Philosophical and Practical Implications
- Radical Decentralization:
The text advocates for reclaiming direct access to resources, self-sufficiency, and mutual aid—echoing anarchist, primitivist, and communalist traditions. - Skepticism of Authority:
All forms of authority—government, legal systems, even educational institutions—are viewed with suspicion, as they serve to perpetuate dependency and extract wealth or labor. - Emphasis on Real Needs:
The manifesto distinguishes between true needs (food, water, shelter, freedom) and manufactured desires (consumer goods, status, symbolic freedoms). - Critique of Modern “Freedom”:
Modern freedoms are described as illusions—symbolic gestures that distract from the fact that survival itself is conditional on compliance.

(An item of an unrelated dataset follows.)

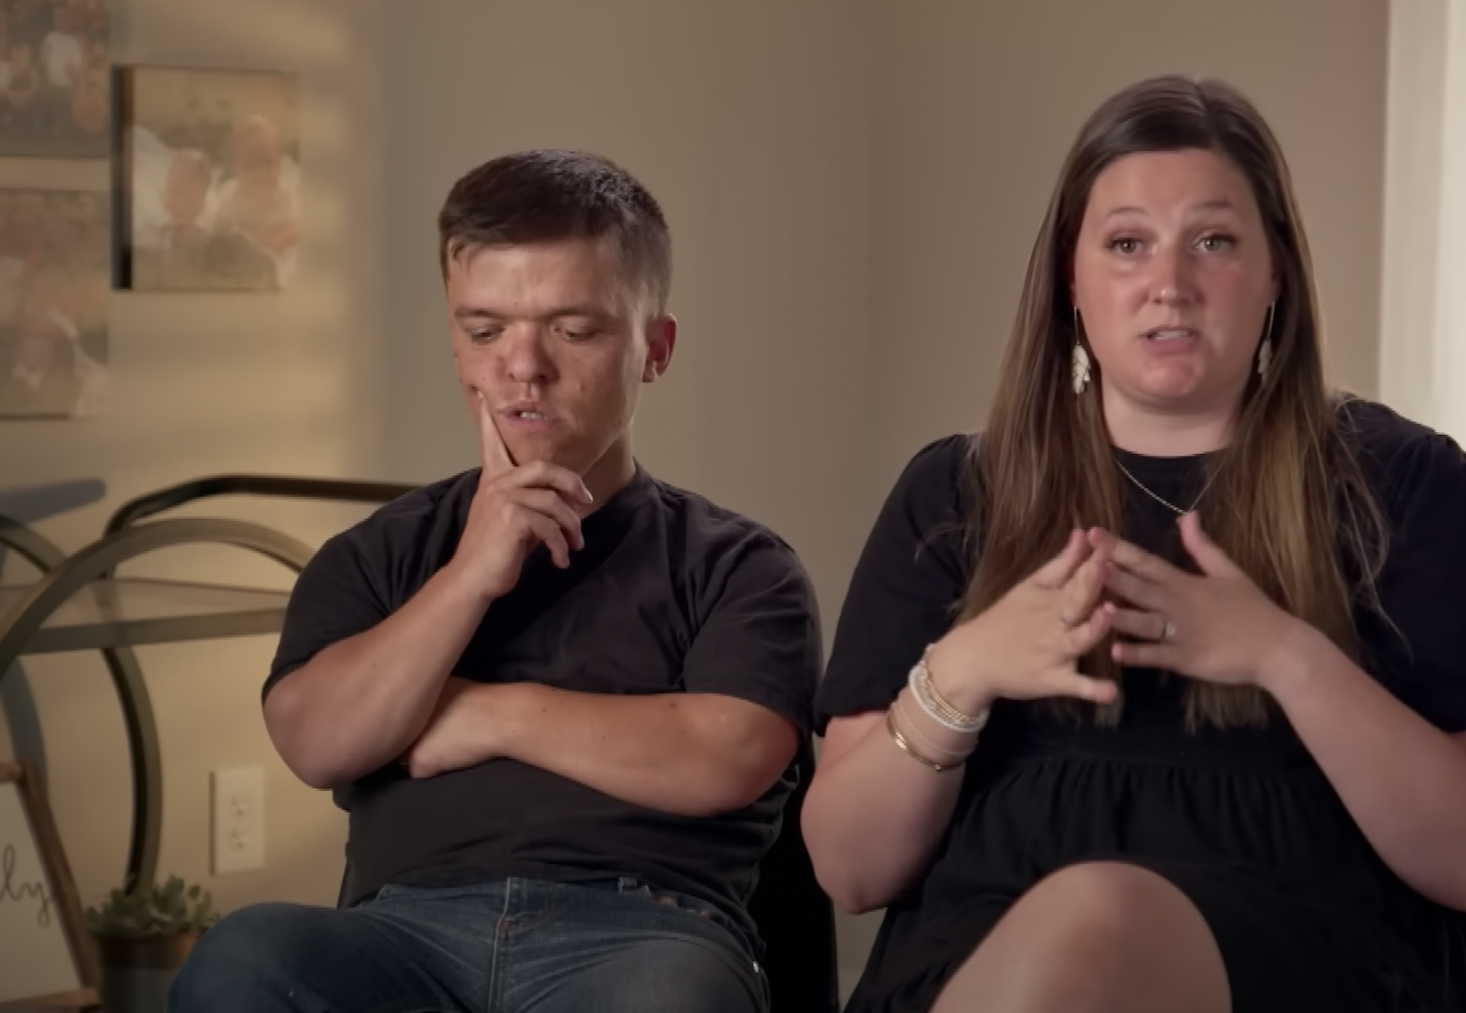 Zach and Tori Roloff sitting next to each other and talking in 'Little People, Big World'

Strengths of the Manifesto
- Clear, Provocative Metaphors:
The use of the squirrel as a symbol of natural freedom is vivid and effective. - Historical and Anthropological References:
The text is well-sourced, referencing anthropologists, economists, and legal scholars to support its arguments. - Uncompromising Clarity:
The manifesto does not hedge its critique; it is direct, passionate, and unapologetic.